I closed my eyes. "Please don't hang up."
"Demi." It was a warning. I knew he was angry.
"T-There's this uh- There's a family weekend tomorrow. I know you don't want to see me. B-But..." I clenched my fists to stop myself from stuttering. "But I miss you. I'm sorry and I miss you so fucking much. Everything hurts." My eyes filled with tears and I stared up at the ceiling. "I can't do this without you Wilmer. Please come-"
"Demi. Stop." His voice was cold and harsh, and I curled tighter into myself, trying to protect myself from the pain he was about to inflict. "I'll go to the stupid weekend thing. I promise. But I don't want anymore phone calls, or letters. Just fucking stop okay?"
My relief was drowned out by the hatred in his tone. "Okay." I whispered. "I'm sorry."
"Goodbye."
"I love you." The words came out rushed, tripping over each other, but I was desperate.
All I got was another dial tone.
My therapist walked in. "How'd it go?"
I swallowed hard. "He'll come. But uhm... He wants me to stop calling him, and writing to him."
"Are you going to?"
I bit my lip. "Writing to him helps. Even though I know he doesn't read them, and just sends them back, it helps me to think he's there. I can imagine him reading it. Now though..." I shook my head. "I don't think I can stop."
"Then don't stop."
"But he told me to."
"Demi he's just angry. Tomorrow once he sees you, I think things will get better."
"Hopefully you're right."
~*~
I woke up the next morning and I couldn't help but smile. I see Wilmer today. It glanced at the clock and saw it was still early. I pulled out my makeup for the first since since I had gotten here and put it on the way I used to. I wanted to look good for him even if he didn't care.
The morning went by quickly, so by the time visiting hours came around my hands were trembling with the anxiety of seeing him again. Soon, people's names came on over the loudspeaker and I went to sit in the lobby, sitting on one of the couches to wait for Wilmer. As families walked in they gave me an awestruck look but I ignored them, my eyes trained unblinkingly on the door.
Hours went by. Families came and left. Shifts changed. The staff members gave me sympathetic looks as they walked out the door while the fresh nurses smiled encouragingly. One brought lunch to me, but I barely touched it.
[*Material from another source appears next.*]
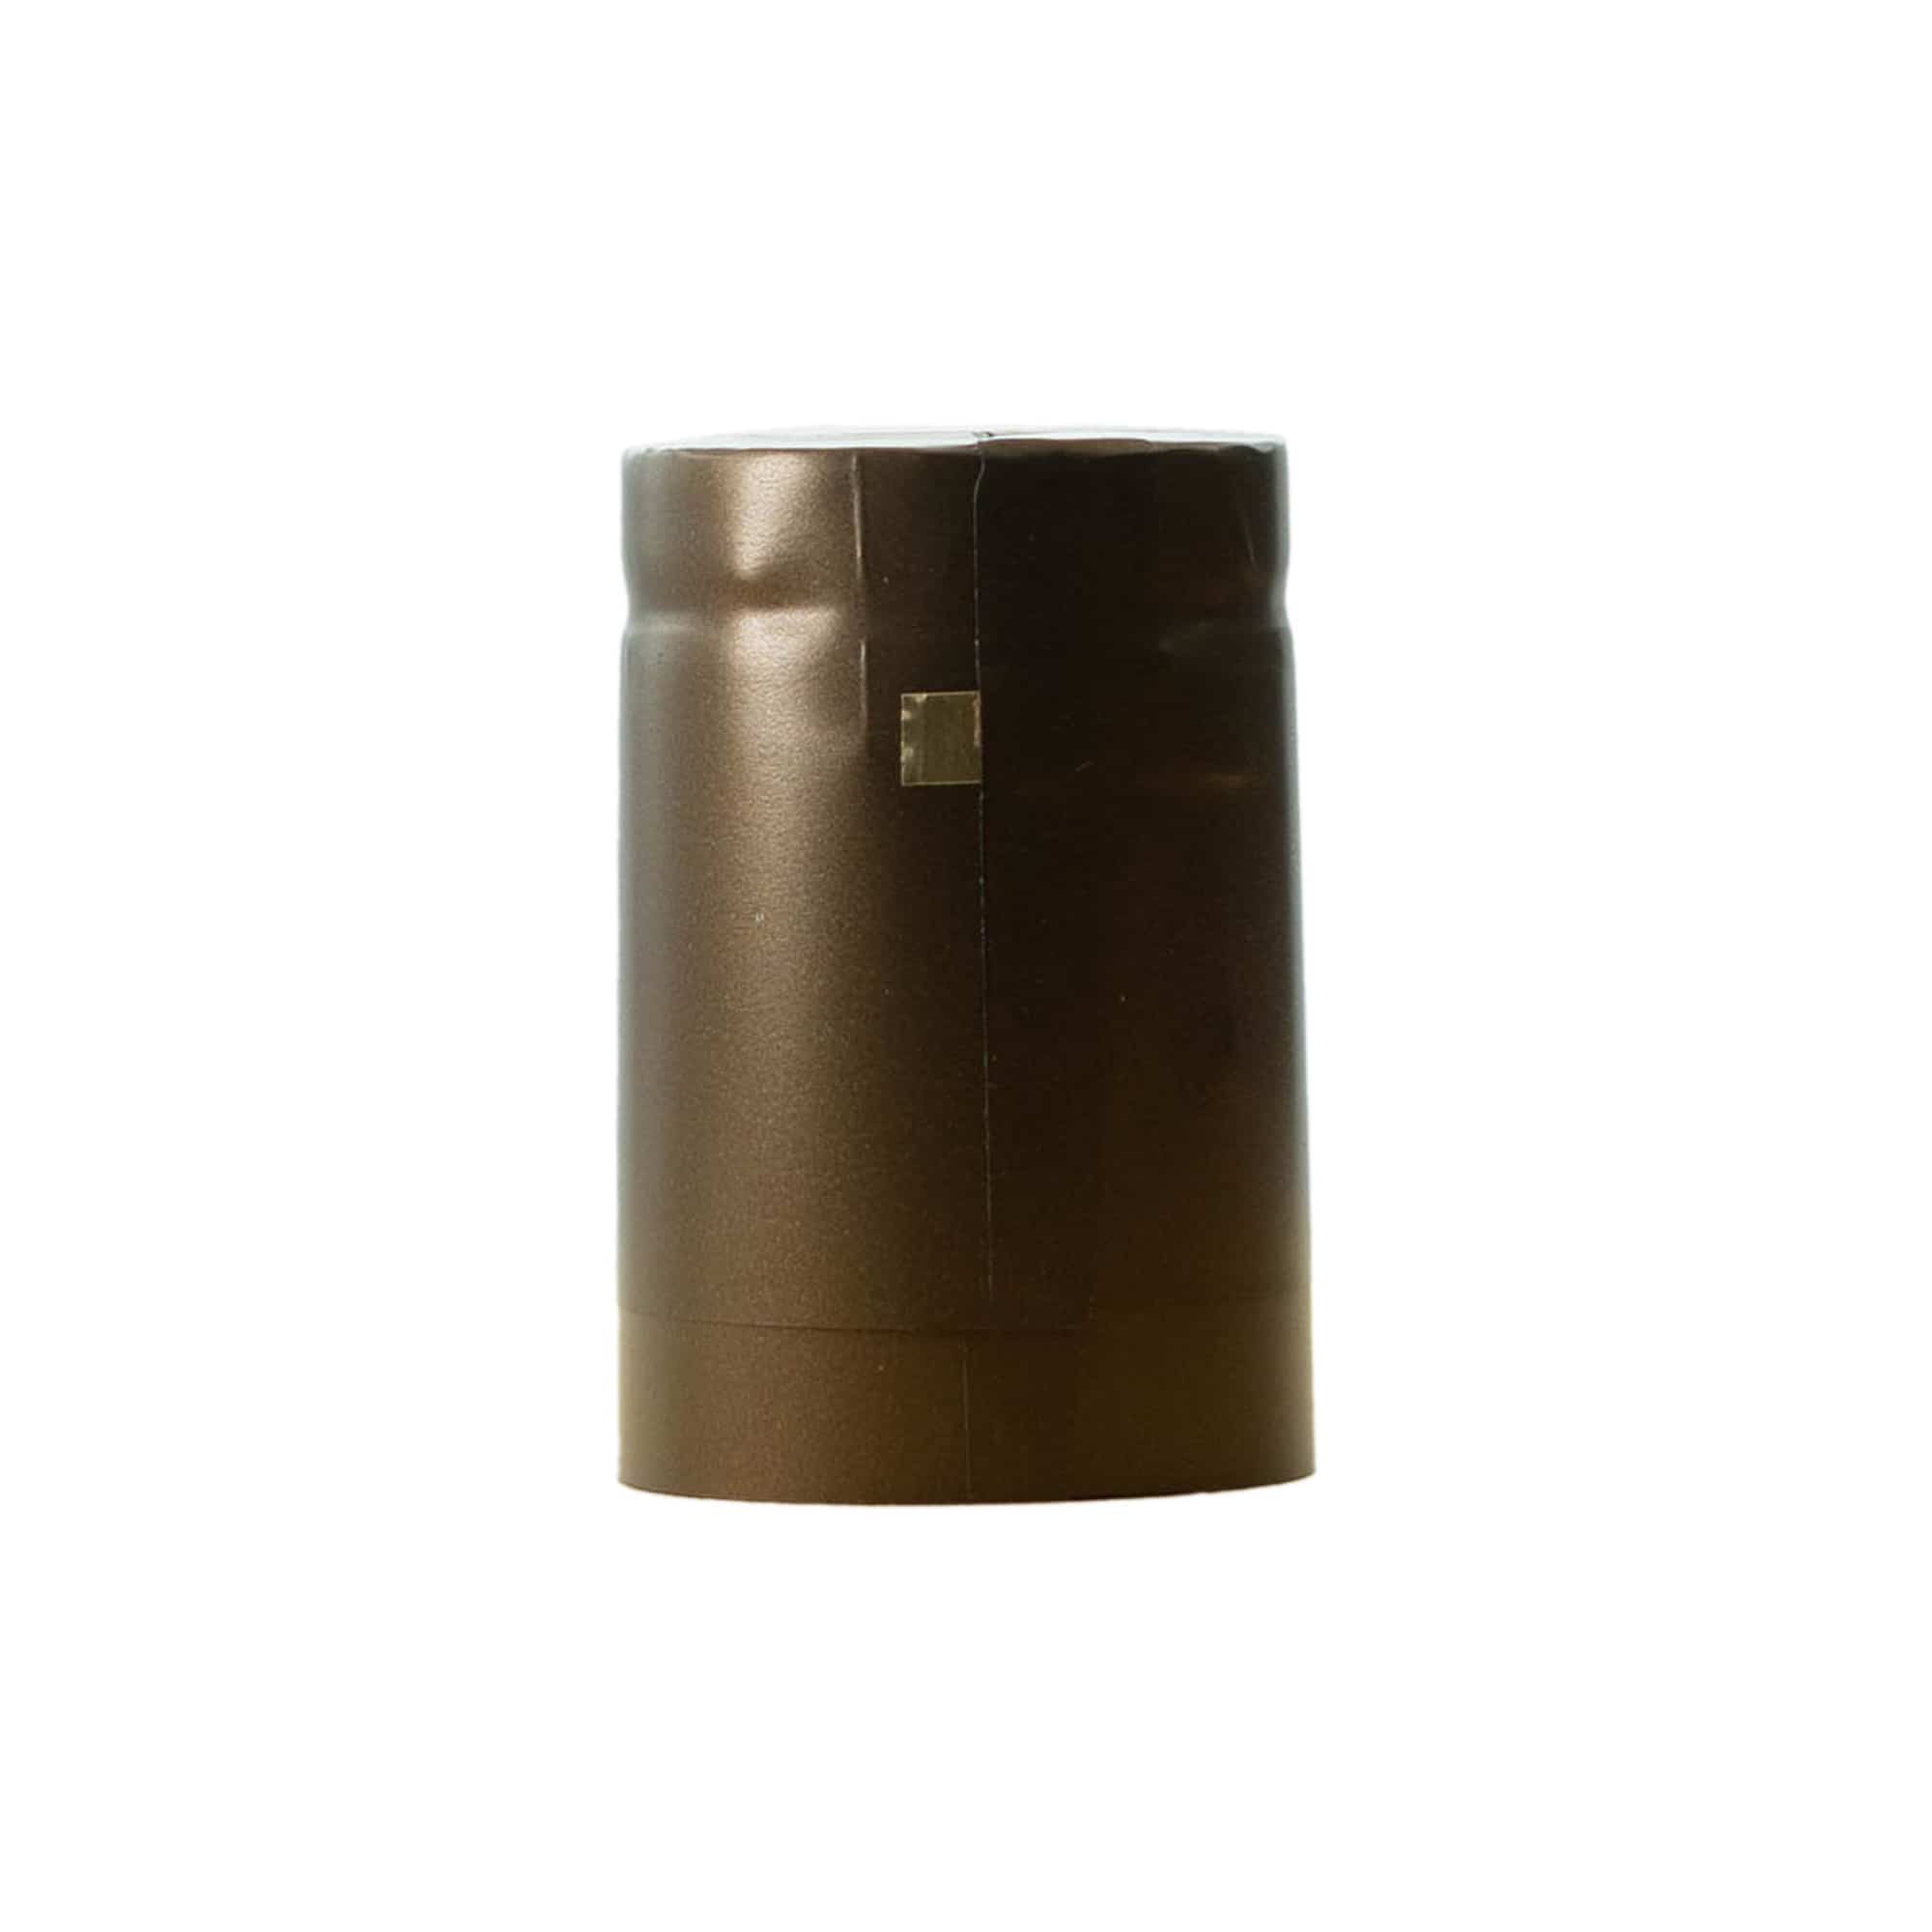 Capsule thermo-rétractable 32x41, plastique PVC, or ducat

Once five o'clock came around though, my therapist sat down next to me.
"Demi, you have to go to dinner."
"He's coming." I whispered. "He said he'd come. He promised."
"Visiting hours are over Demi."
I stared at the doors for another moment, my jaw clenched, then I looked down at my hands. "Okay. Sorry, I'll go to my room."
"You have to eat dinner, sweetie."
I swallowed, feeling the numbness take over my body. "Okay."
"Come on Demi, let's go. It's okay."
As she led me to the cafeteria, I couldn't help but glance back at the lobby. When I did though, my heart nearly stopped when I saw Wilmer walking out of another hallway.
"WILMER!" My voice was a maniacal shriek as I ripped my arm away from my therapist and sprinted towards him. My body slammed into his and I let out a loud sob into his neck. "You came." I whispered, gripping him tightly.
"No. I didn't." His voice was harsh, and his hands had an iron grip as they pushed me away from him. "I came to tell your therapists not to allow you to call me anymore. That's it. They told me you wouldn't do this. That you wouldn't see me."
Shattered. I was shattered on the floor. Broken didn't even cover it.
"But you promised." My voice was an emotionless whisper. "You promised."
"Yeah, and you promised a lot of things. Goodbye Demi."
"No." I grabbed his hand but he ripped it away. "Please Wilmer don't leave me here."
"Get off of me." His voice cracked like a whip. "Don't touch me."
"Please-"
"Goodbye."
My arms hung limply at my sides as he turned on his heel, and for the second time, I watched him leave me here, numb.